Sidebar: Outsourcing cloud build-out
Service providers facing competitive pressure to launch cloud services but lack capital to do so are turning to telecom outsourcing services. Like their own customers, carriers are looking to minimize their upfront capital expenses by outsourcing various pieces of their cloud deployments, says Amy Larsen DeCarlo, principal analyst at Current Analysis.
"Service providers are spending a lot of money investing in their networks and a lot of that money is going into the wireless infrastructure," she said. "They don't have a lot of money to dedicate to data center-based services... so they want something that's cost-effective."
Some are looking for turnkey cloud computing equipment packages that vendors have pre-assembled, says to Lew Tucker, VP and CTO of cloud computing at Cisco Systems. This approach offers carriers a quicker time to market for large-scale deployments by dictating the service objectives but leaving the cloud infrastructure design, testing, integration and configuration to the vendor.
"Our objective is for service providers to spend less time bringing up the basic infrastructure so they can spend more time on making each of their service offerings the best in the market," Tucker said.
These turnkey options mitigate the risk of building out the infrastructure "before one sale is made," said Lauren Robinette, principal analyst at ACG Research. "Cisco [is] managing the infrastructure... until the service provider directly takes on this business."
But there's a catch to this kind of telecom outsourcing for cloud deployment: lock-in with a single vendor.
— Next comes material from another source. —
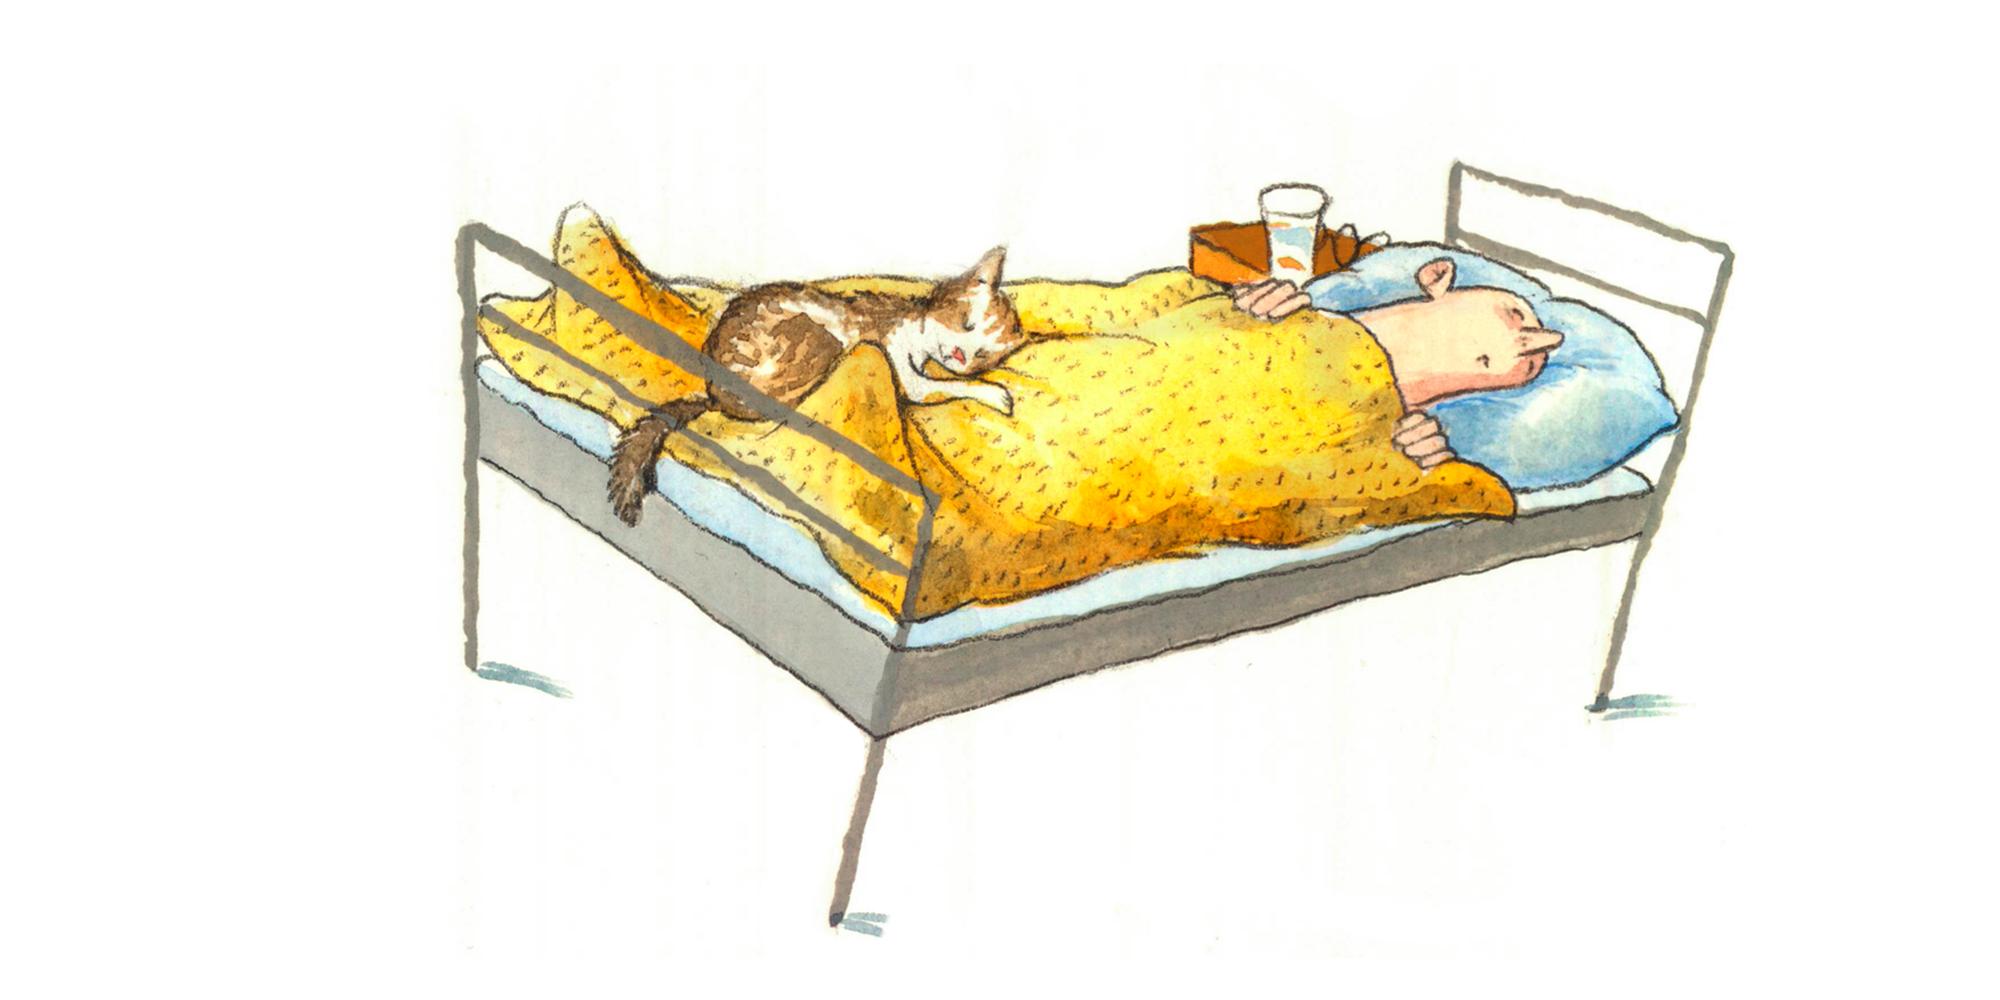 Fakta_190906_Kanda-katter_Oscar

Larger telecom cloud vendors such as Alcatel-Lucent, Ericsson and Huawei "take a more pure 'outsource your multi-vendor platform [to us]'" approach similar to HP and IBM, partnering with various cloud infrastructure vendors, Robinette said. Those vendor-agnostic services generally appeal more to service providers than the "pure Cisco-only" approach, she said.
DeCarlo cautioned that service providers may not be able to differentiate their cloud services as easily if they adopt telecom outsourcing services that uniformly pre-package cloud infrastructure - especially if business enterprises demand further customization that requires carriers to enlist the vendor again.
"Then you're going to have to spend for extra development cycles," she said. "On the flip side, the providers that have built their own stuff and are incredibly flexible might [have] some barriers they run into that we don't see right now."